(Data Opens)
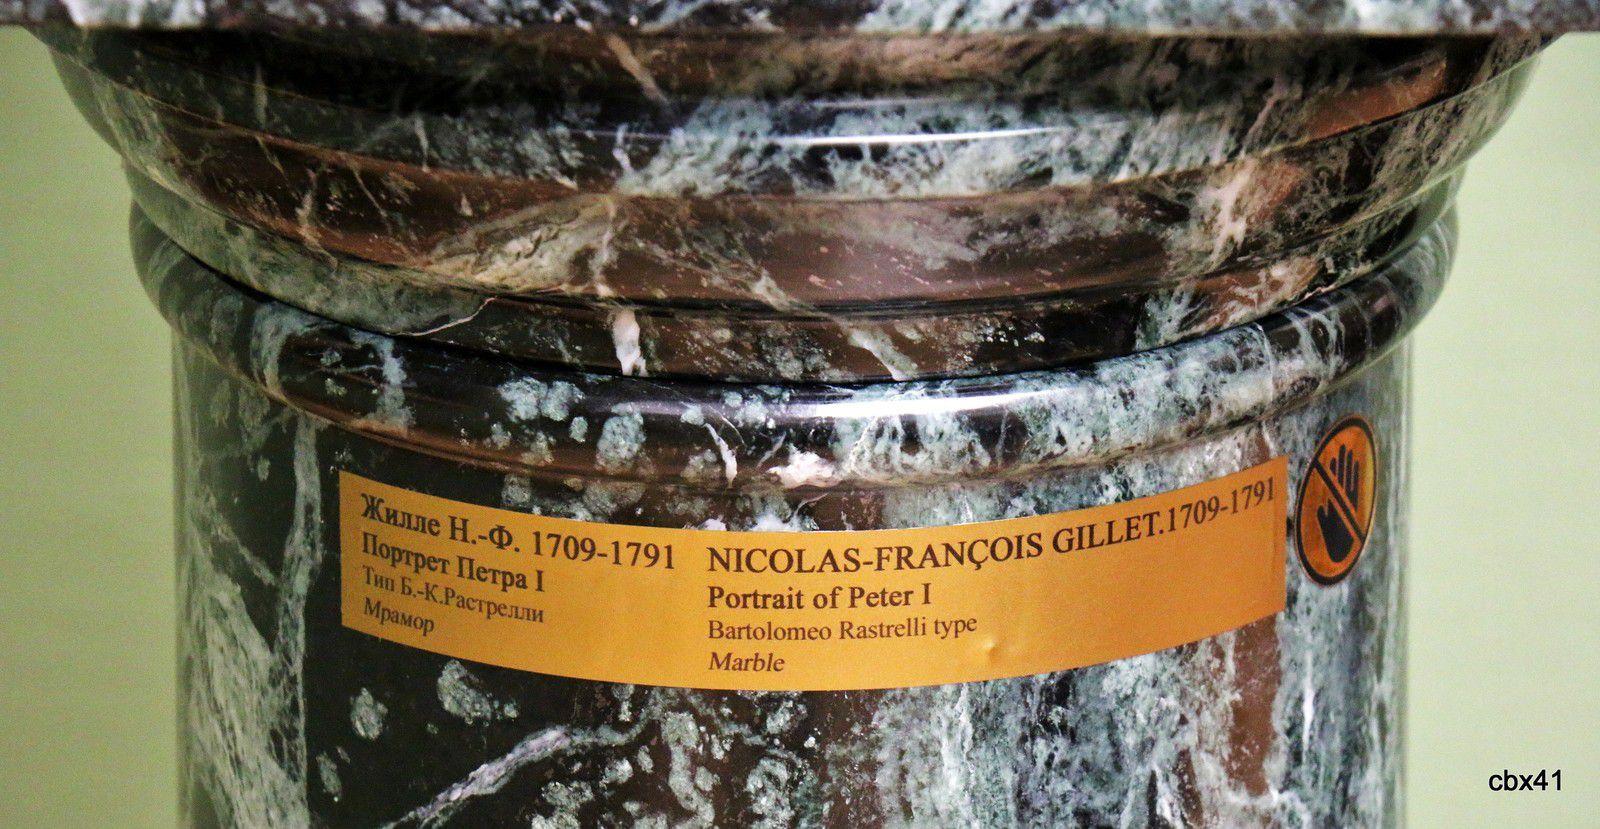 Nicolas-François Gillet, Buste de Pierre Ier le Grand
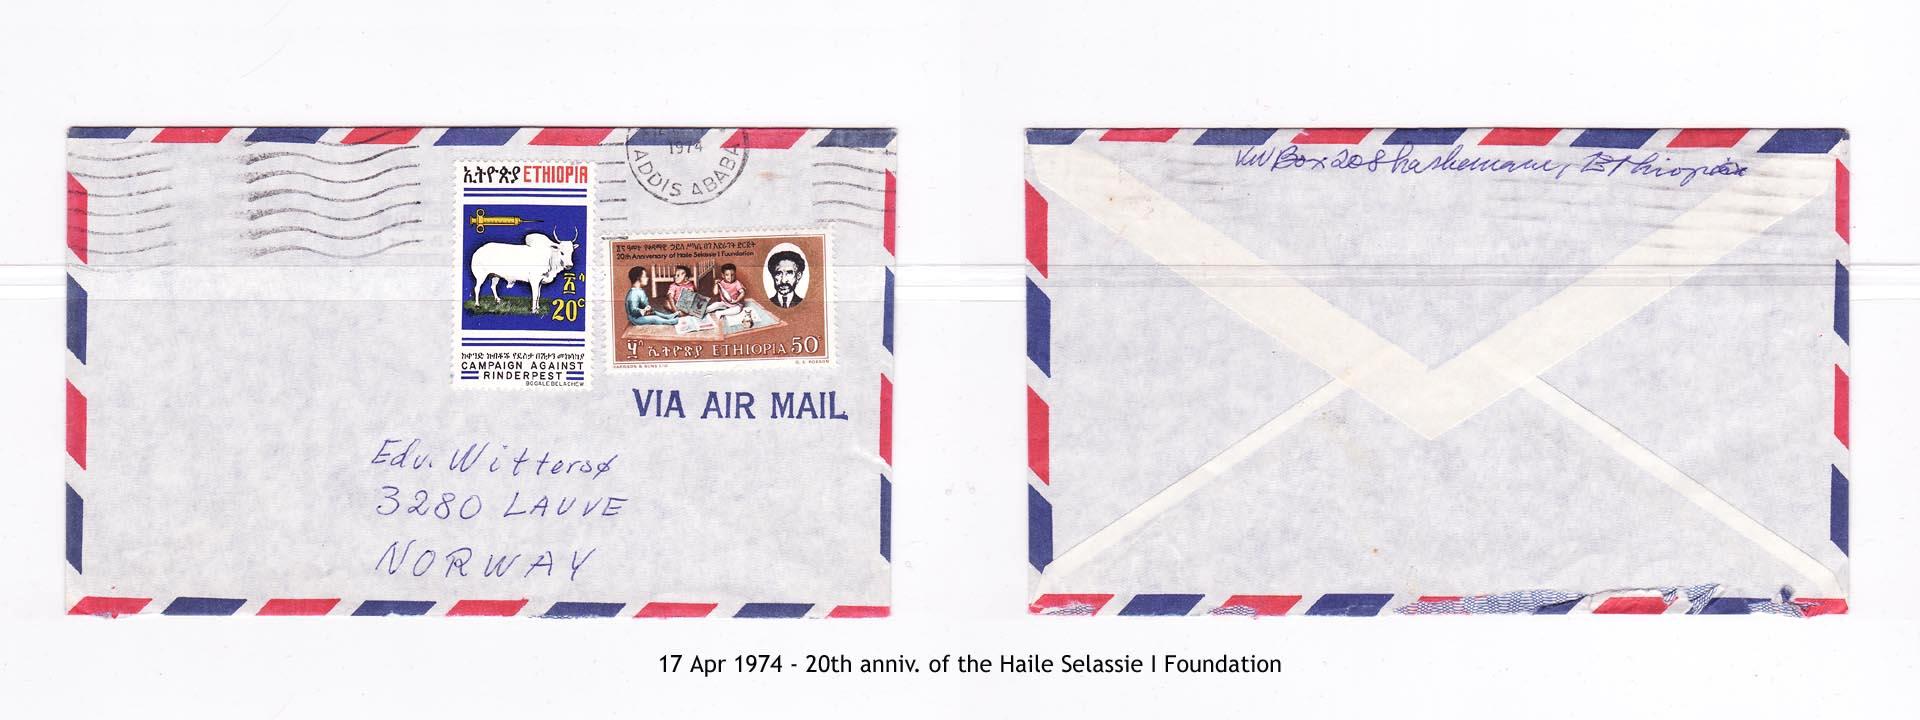 19740417 - 20th anniv. of the Haile Selassie I Foundation
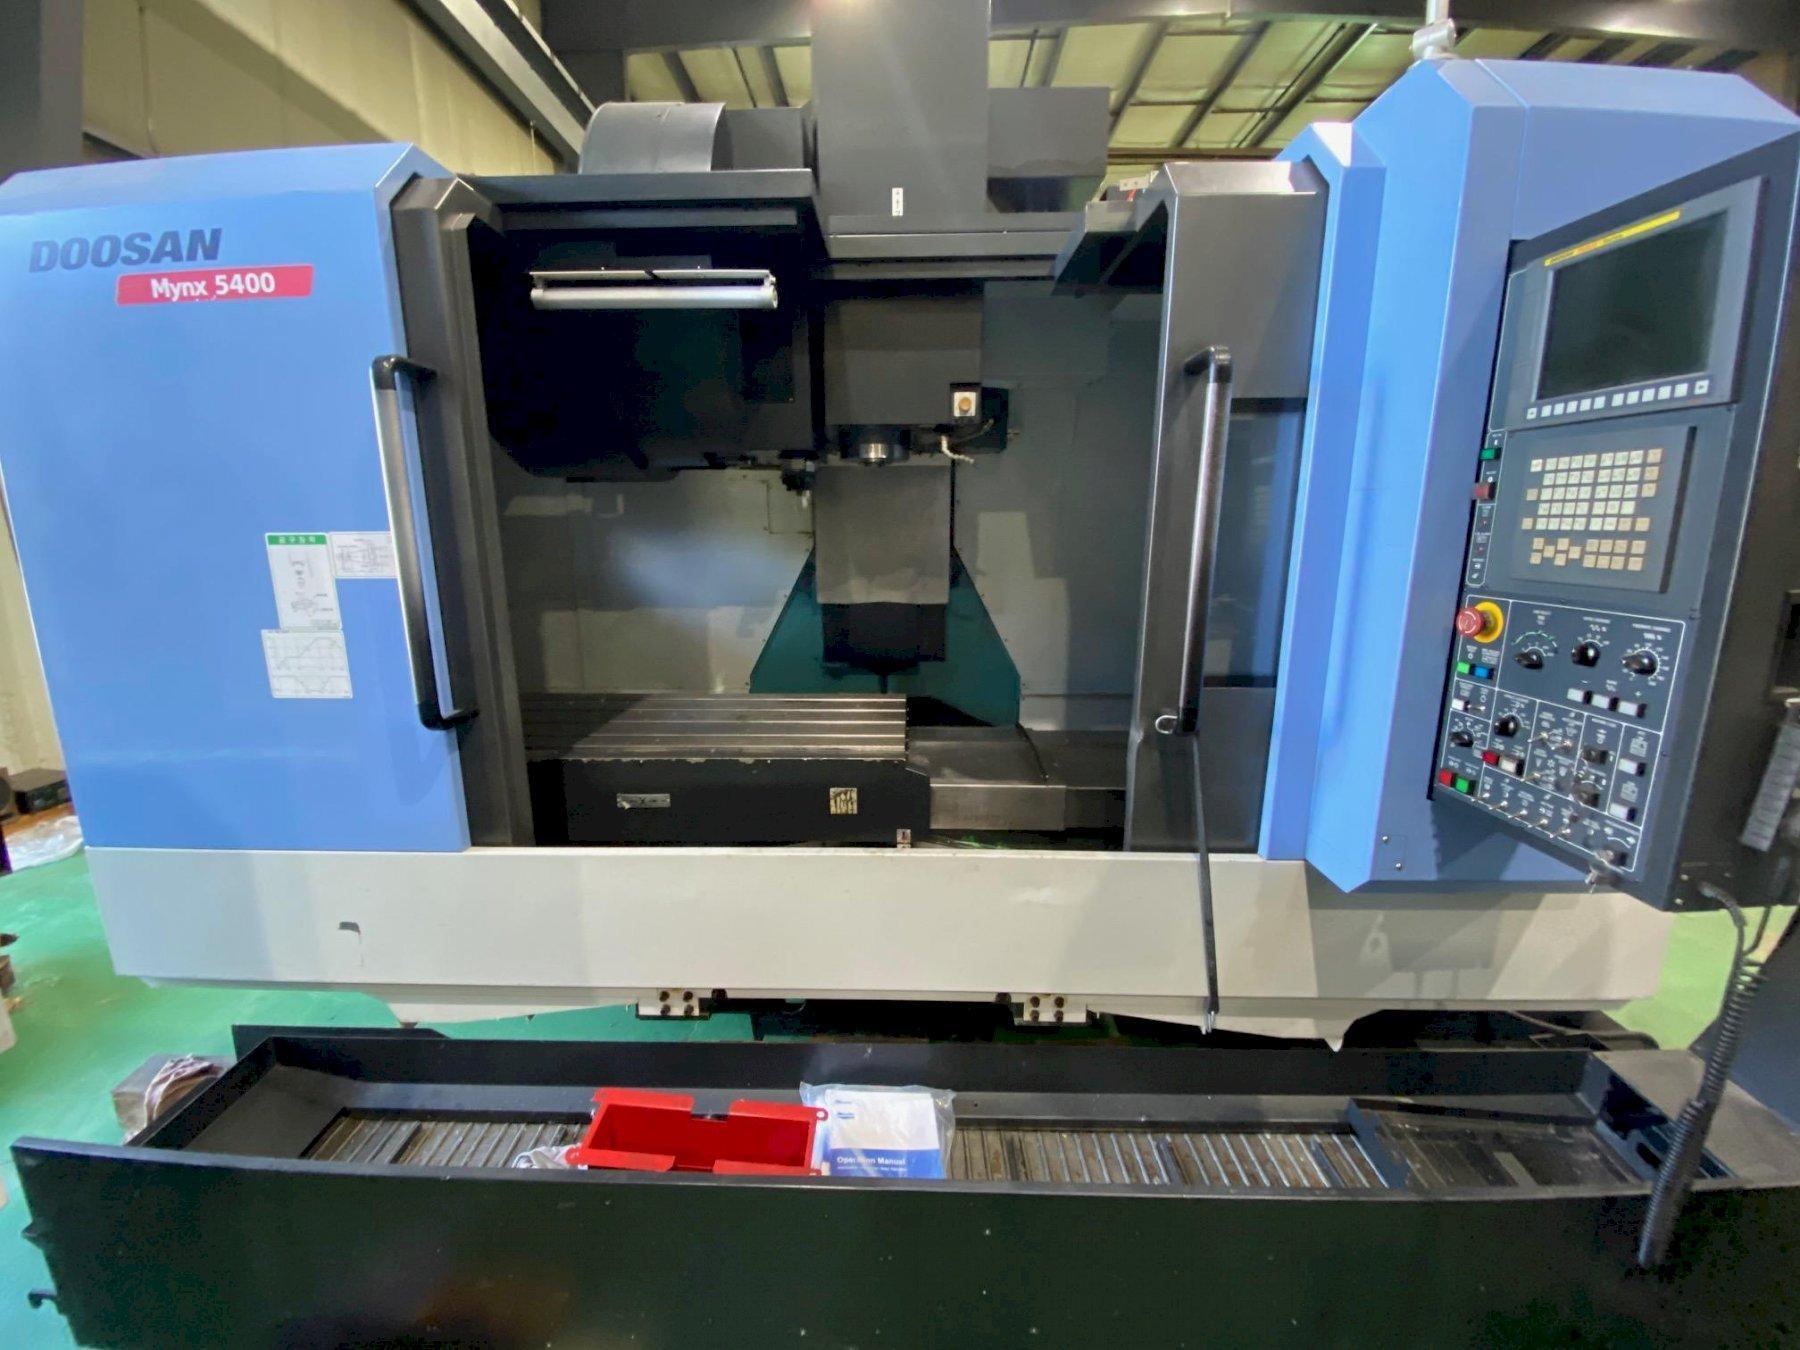 2014 Doosan Mynx 5400 - Vertical Machining Center
(Data Closes)
**What this task involves**
Without reproducing any picture, repeat exactly the lines from the one containing "19740417 - 20th" through the last line of the material above, both ends included.

**Result for this task**
 19740417 - 20th anniv. of the Haile Selassie I Foundation
 2014 Doosan Mynx 5400 - Vertical Machining Center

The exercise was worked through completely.